Exercise description:
With the pictures removed, please write out every line below exactly as given.
(Information provided)
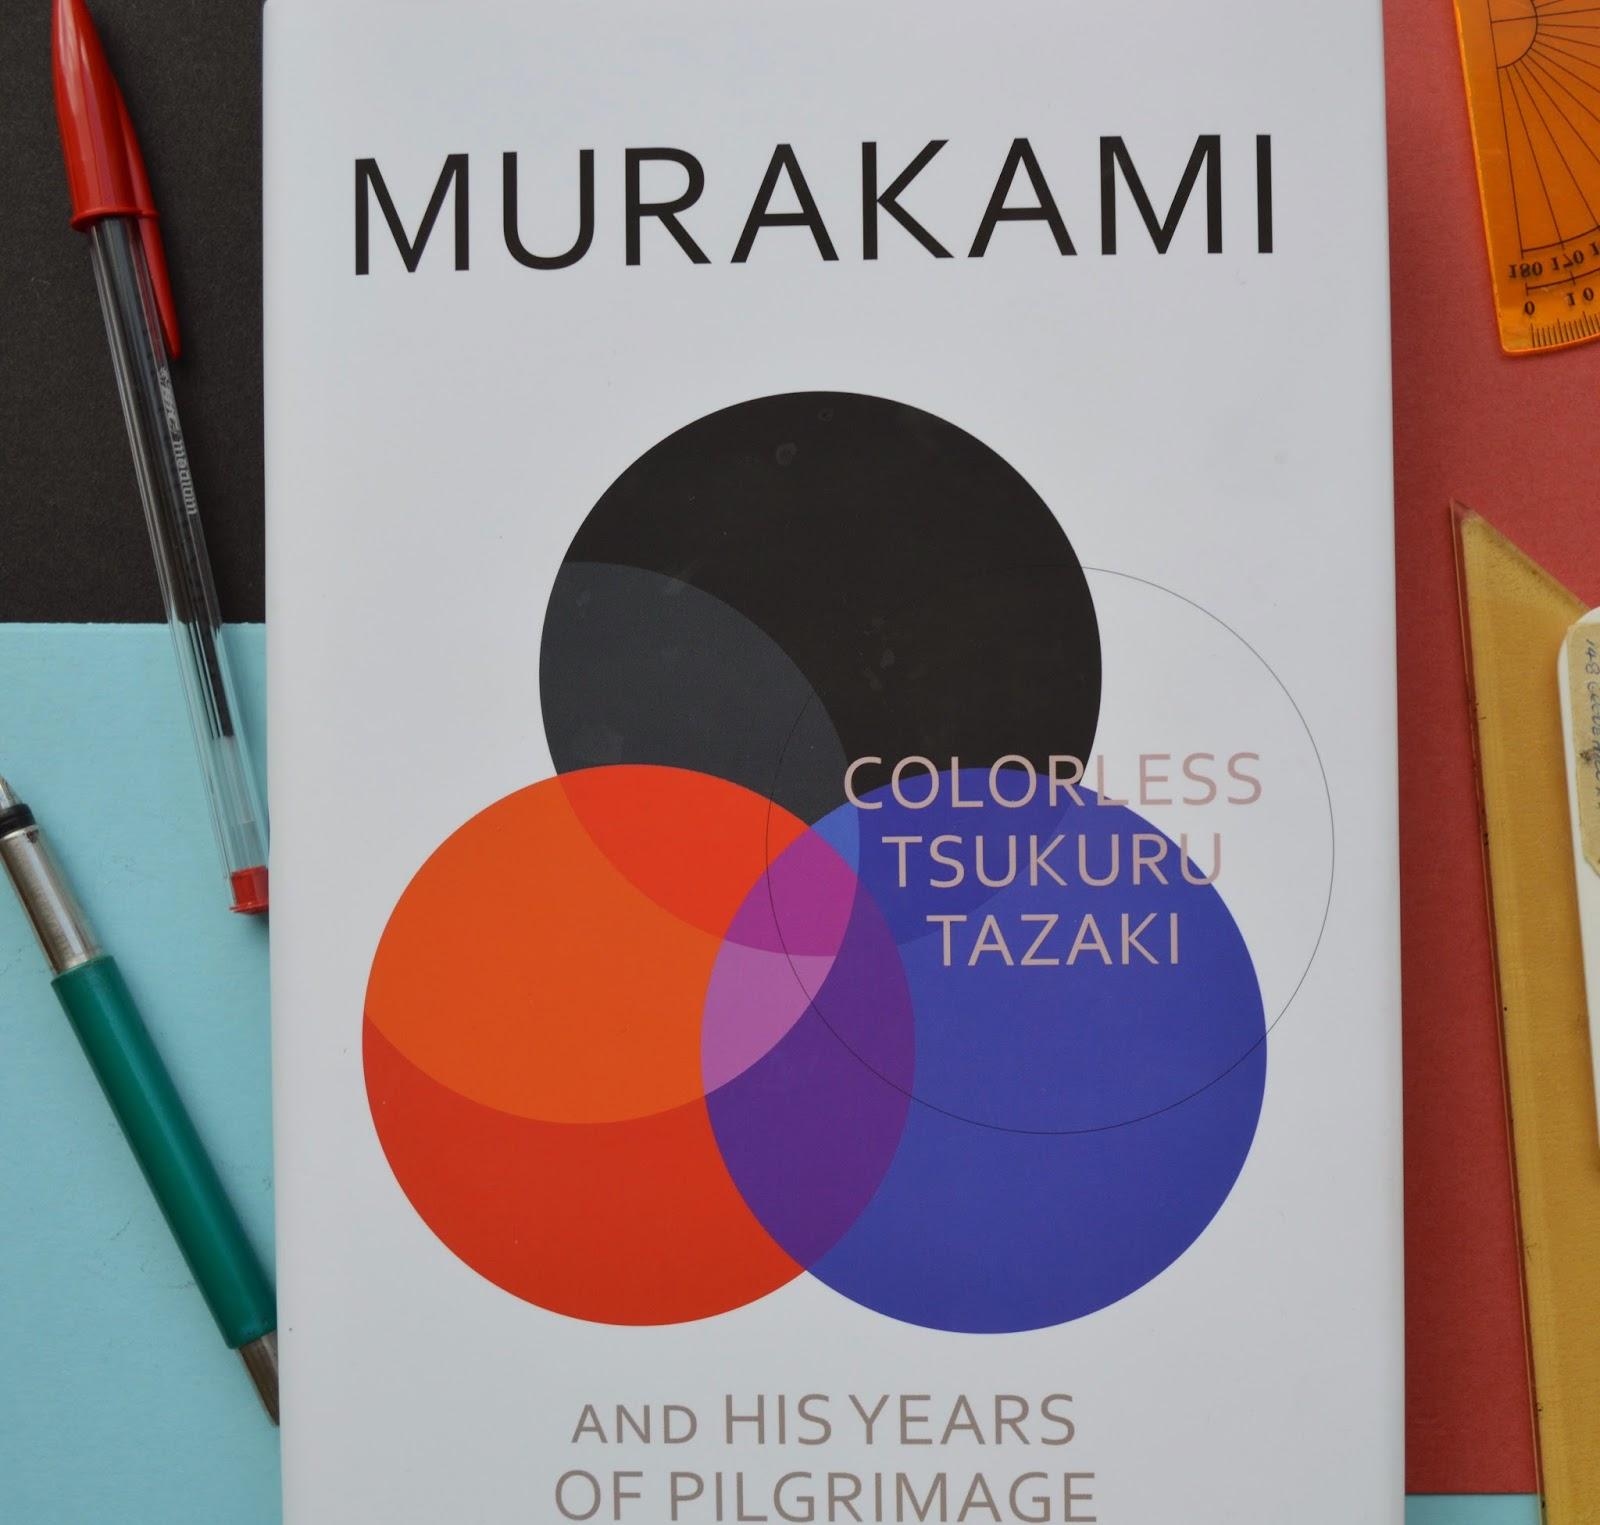 Haruki Murakami, Colorless Tsukri Tazaki and His Years of Pilgrimage, review, book, hardback, design, UK edition, Japanese literature, spoilers, photo, picture, photograph,
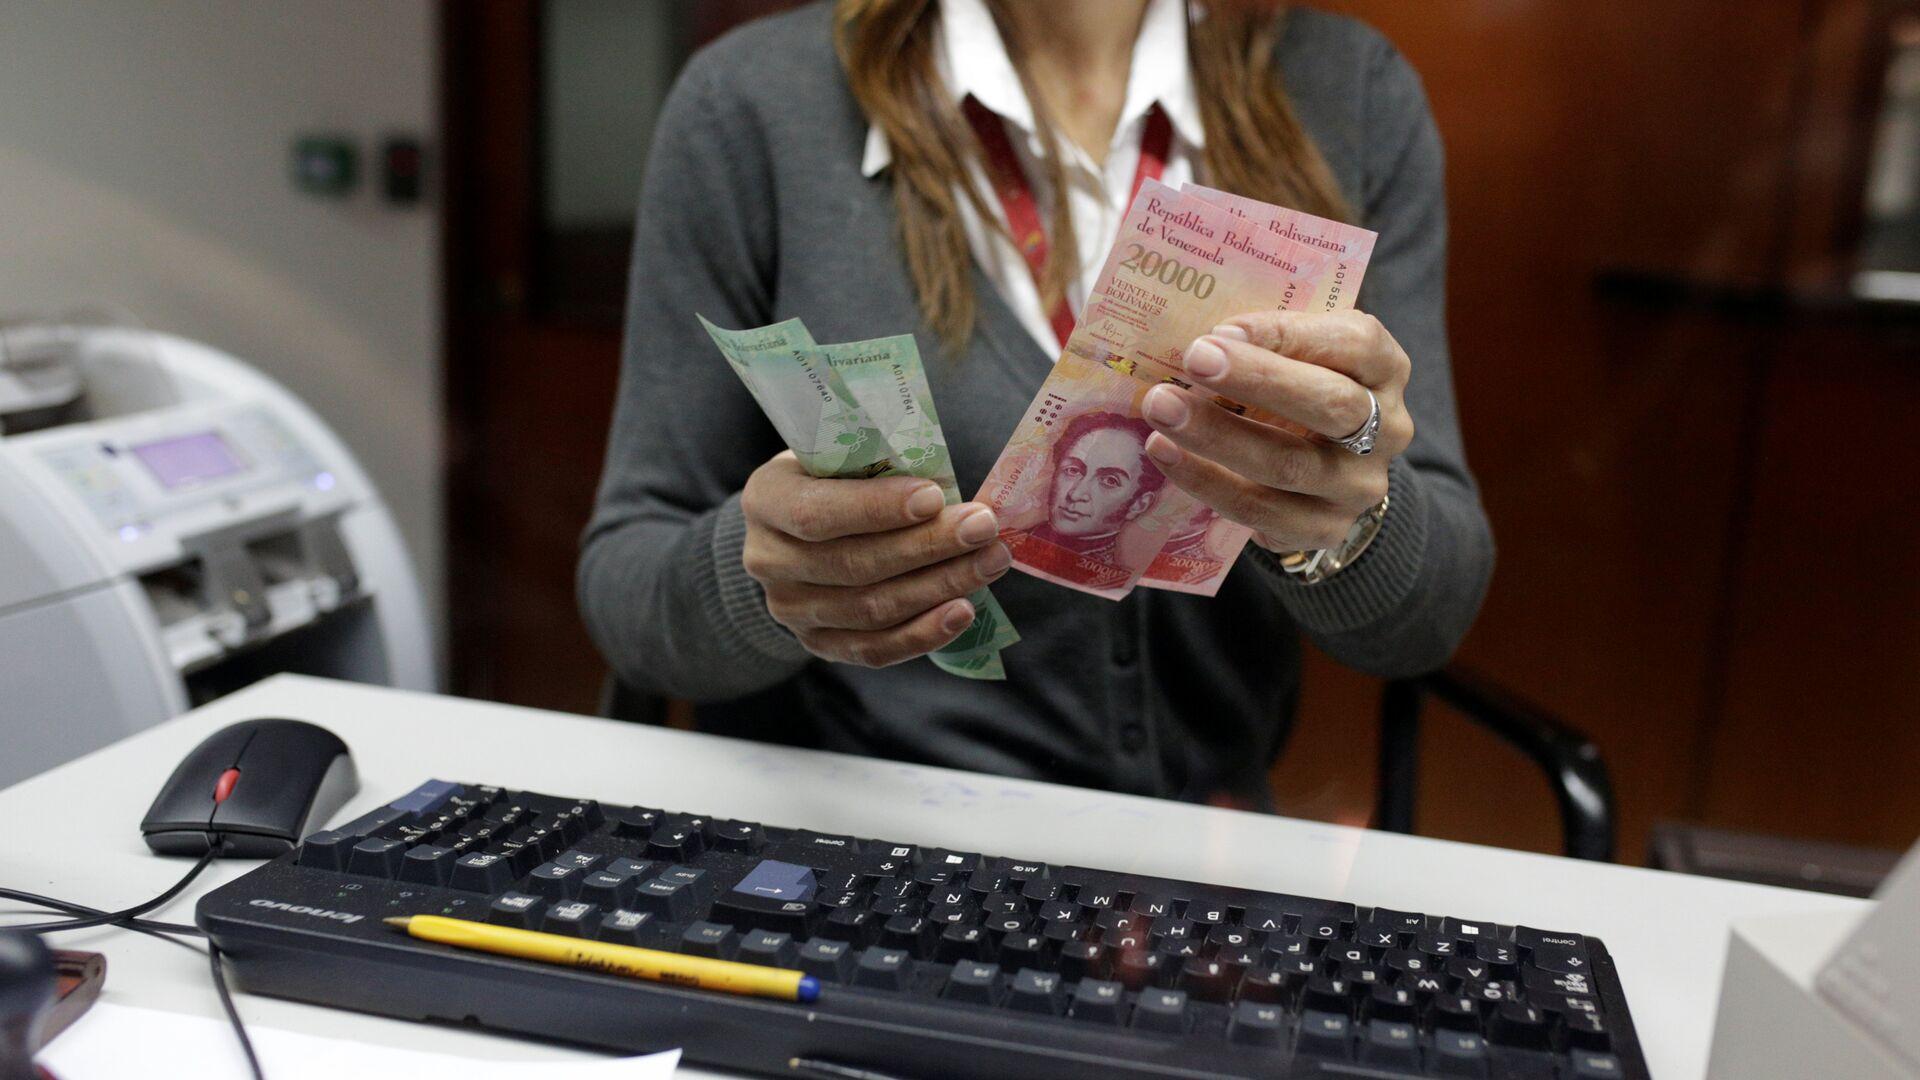 A bank teller counts bolivar banknotes at a Banco de Venezuela branch in Caracas - Sputnik Mundo, 1920, 27.09.2021
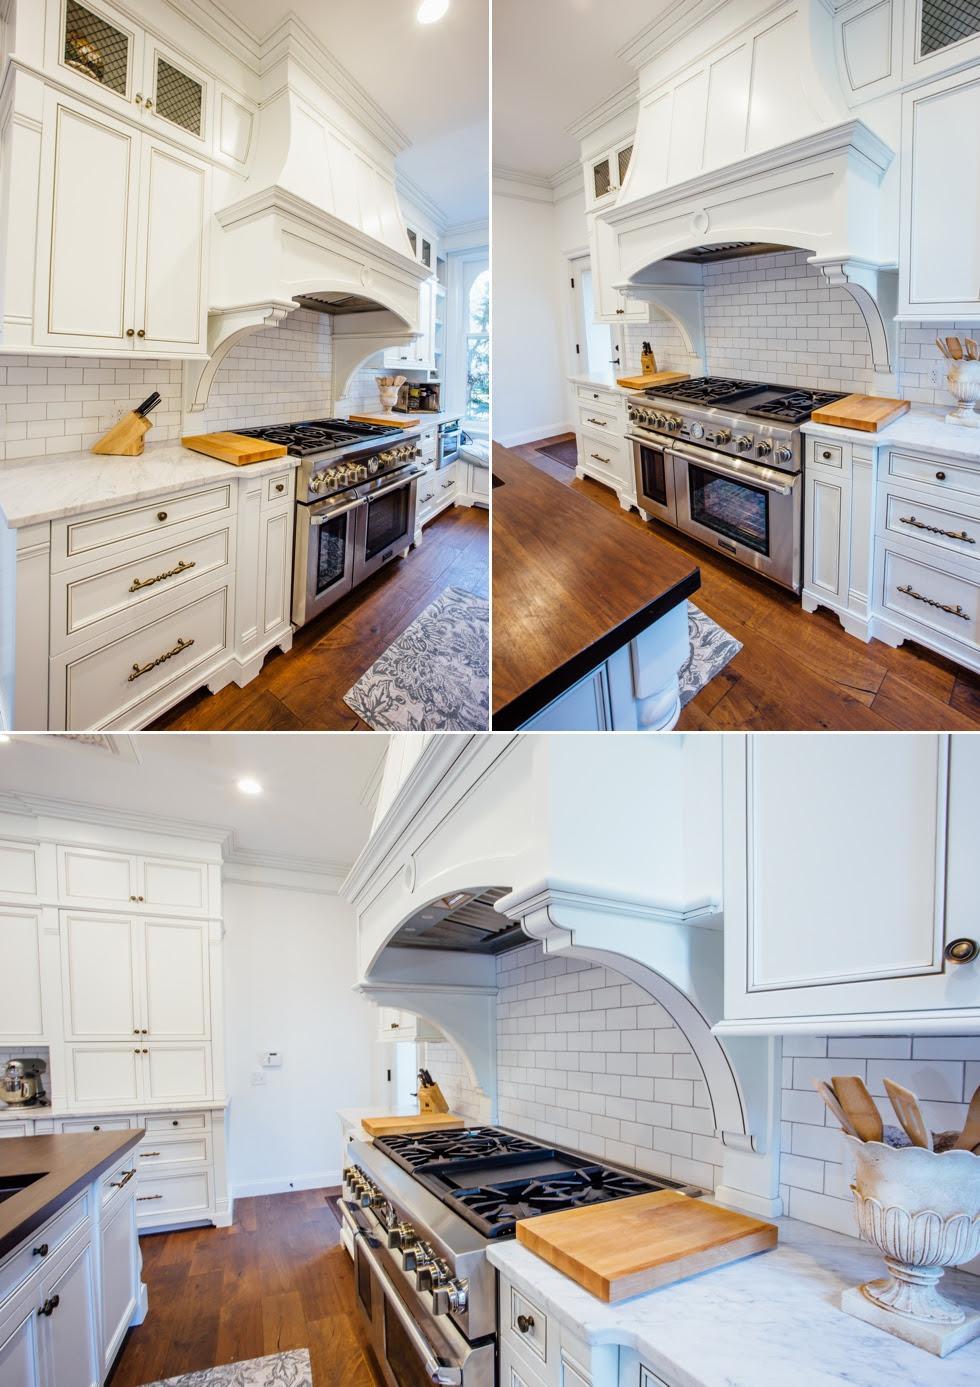 White Glazed Kitchen With Walnut Countertop
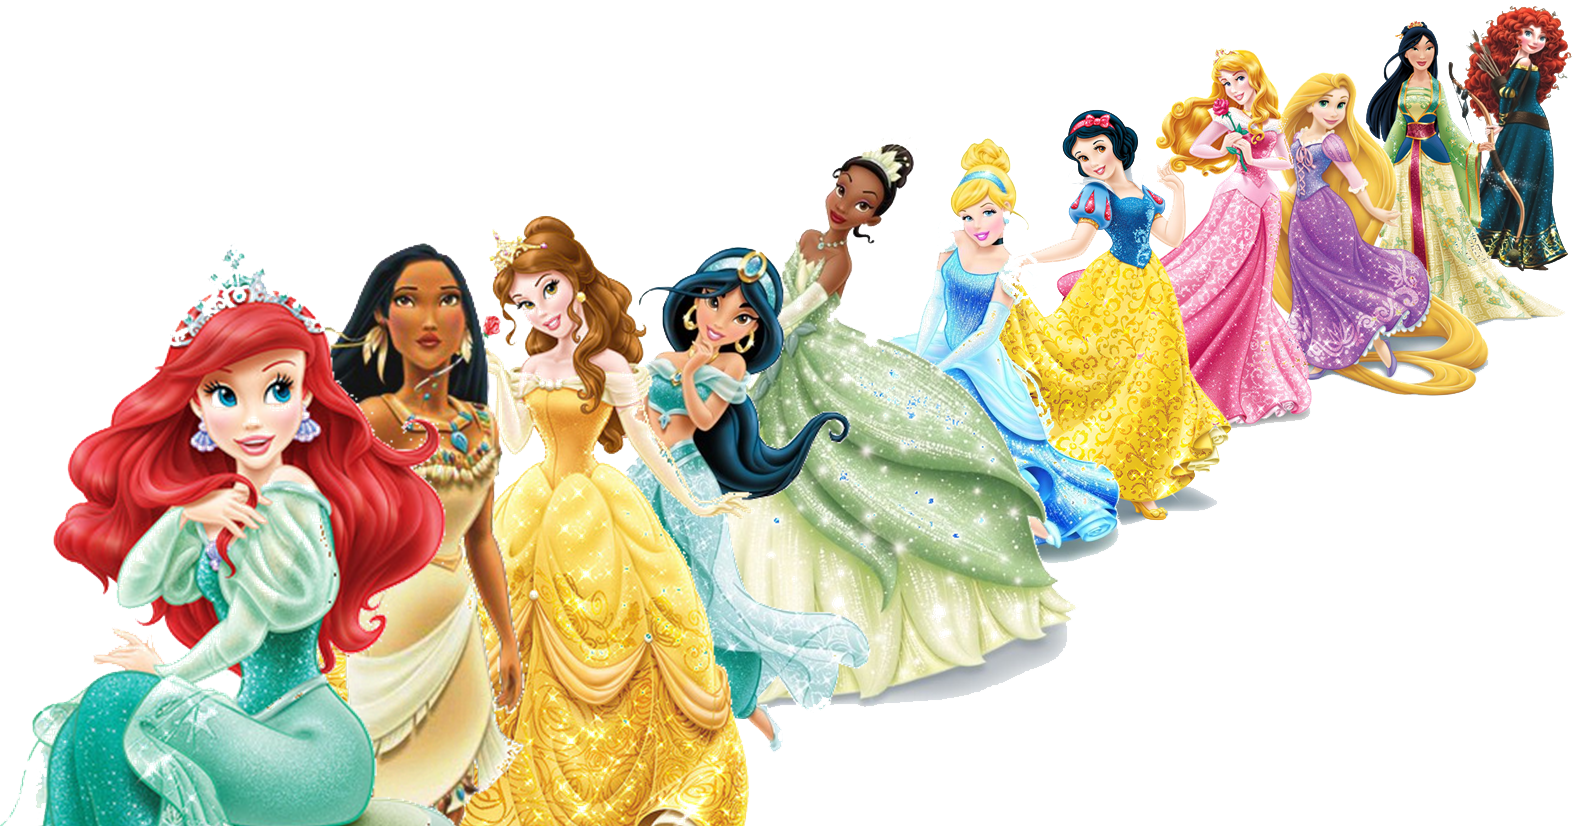 Download Disney Princesses Png Images Transparent Gallery. Advertisement - Disney Princesses, Transparent background PNG HD thumbnail
(End Information provided)
Written response:
 Haruki Murakami, Colorless Tsukri Tazaki and His Years of Pilgrimage, review, book, hardback, design, UK edition, Japanese literature, spoilers, photo, picture, photograph,
 A bank teller counts bolivar banknotes at a Banco de Venezuela branch in Caracas - Sputnik Mundo, 1920, 27.09.2021
 White Glazed Kitchen With Walnut Countertop
 Download Disney Princesses Png Images Transparent Gallery. Advertisement - Disney Princesses, Transparent background PNG HD thumbnail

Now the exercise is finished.